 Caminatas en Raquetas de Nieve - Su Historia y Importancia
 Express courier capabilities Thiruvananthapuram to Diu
--
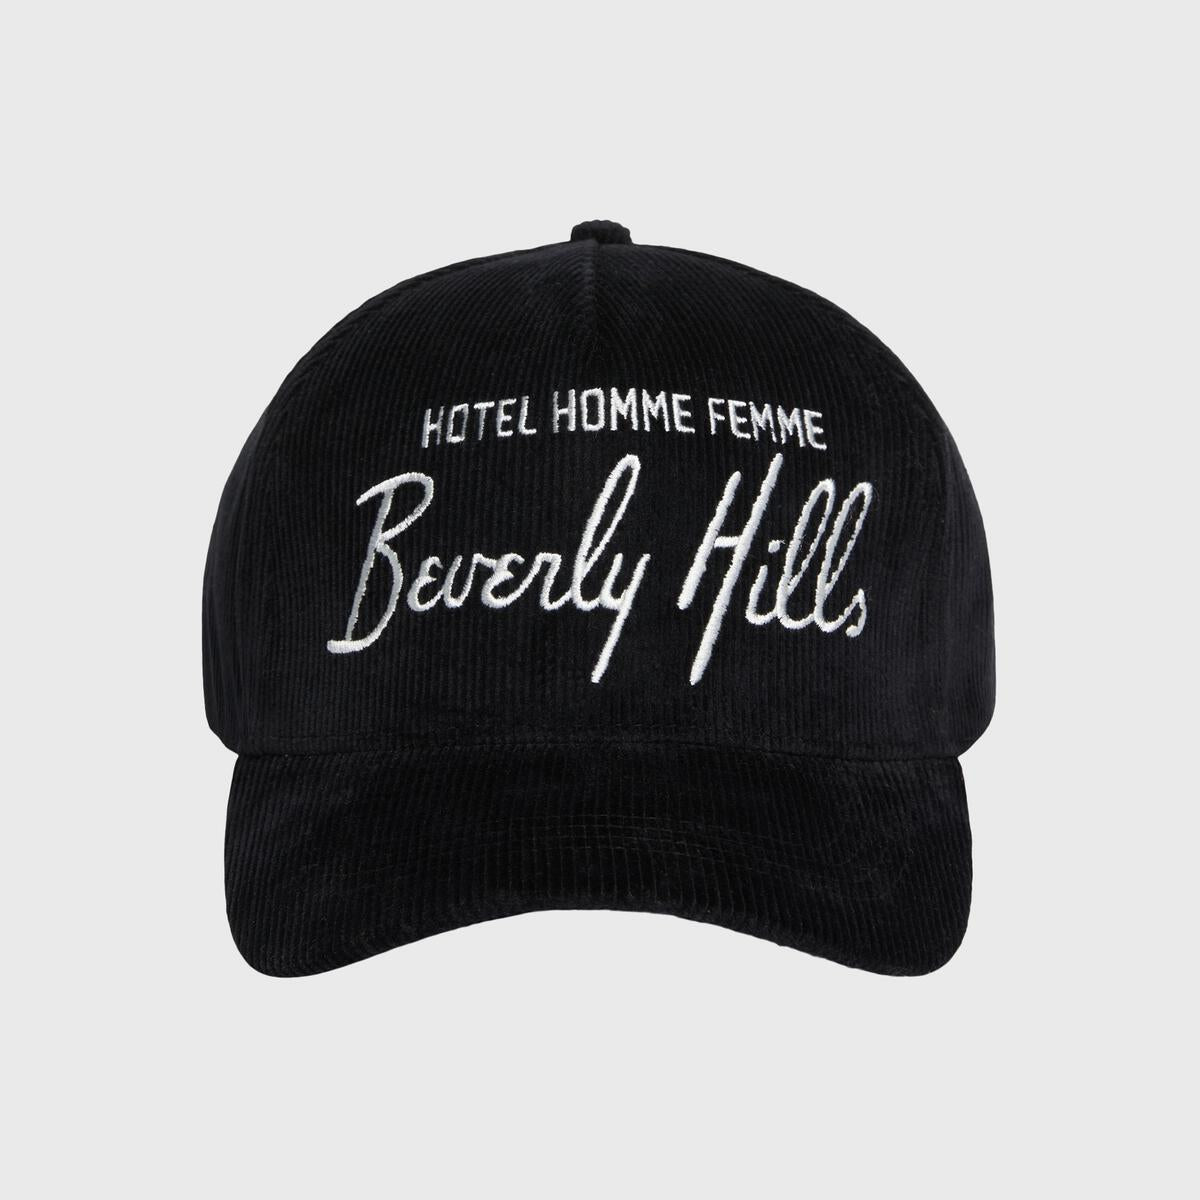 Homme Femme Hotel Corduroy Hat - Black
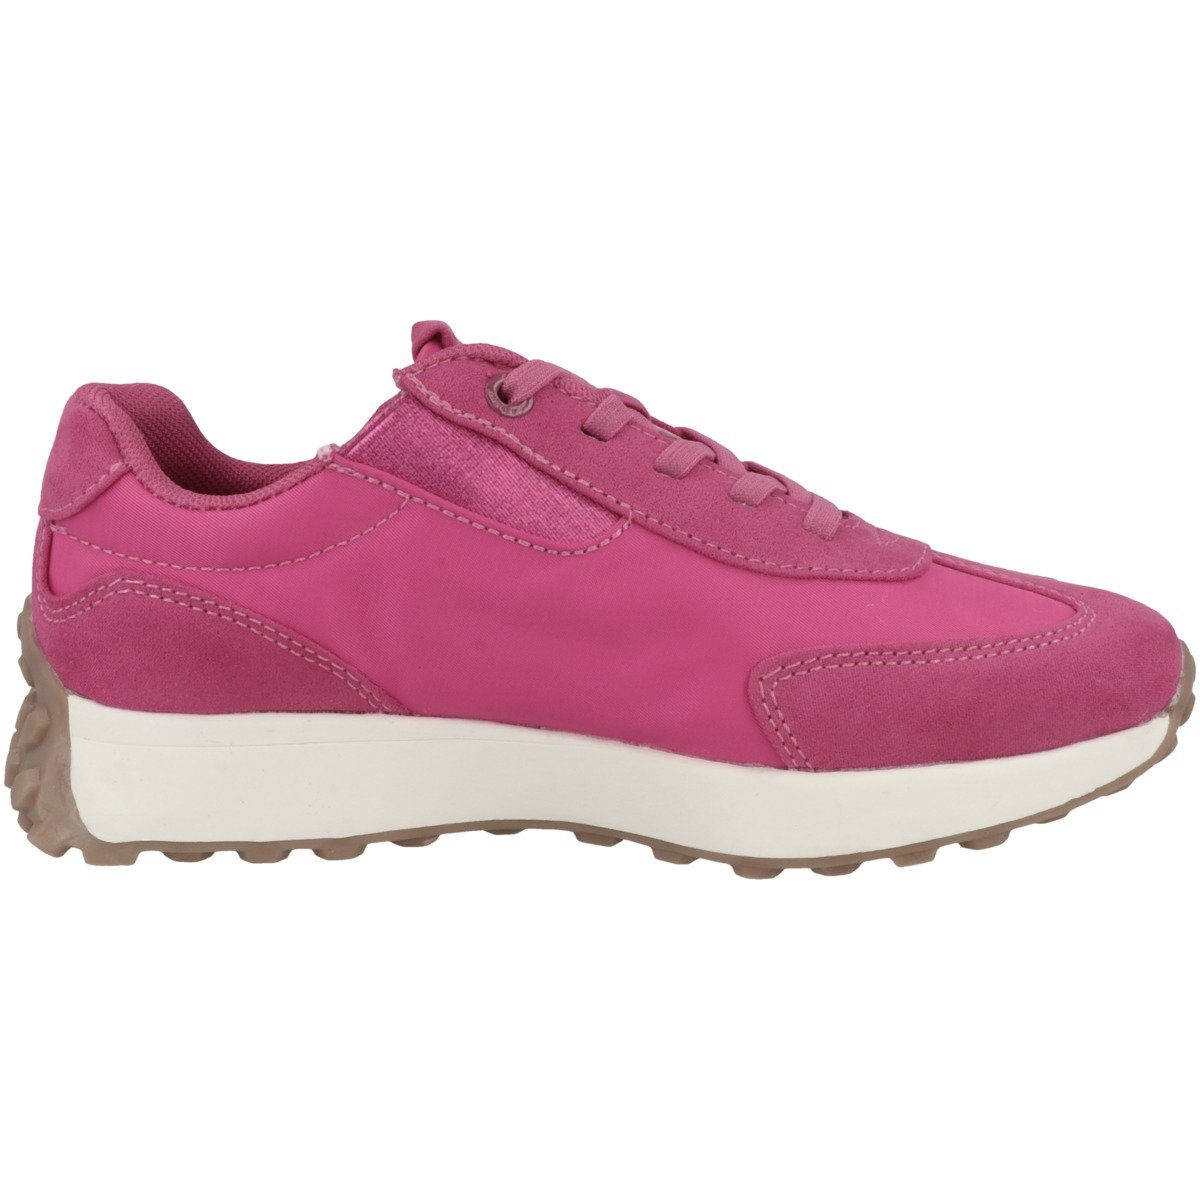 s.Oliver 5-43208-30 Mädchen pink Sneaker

- Task item -
Extract, without any images, the part of the material above that opens with the line containing "Homme Femme Hotel Corduroy Hat - Black" and closes with the line containing "s.Oliver 5-43208-30 Mädchen pink Sneaker", both lines included.

- Problem solution -
 Homme Femme Hotel Corduroy Hat - Black
 s.Oliver 5-43208-30 Mädchen pink Sneaker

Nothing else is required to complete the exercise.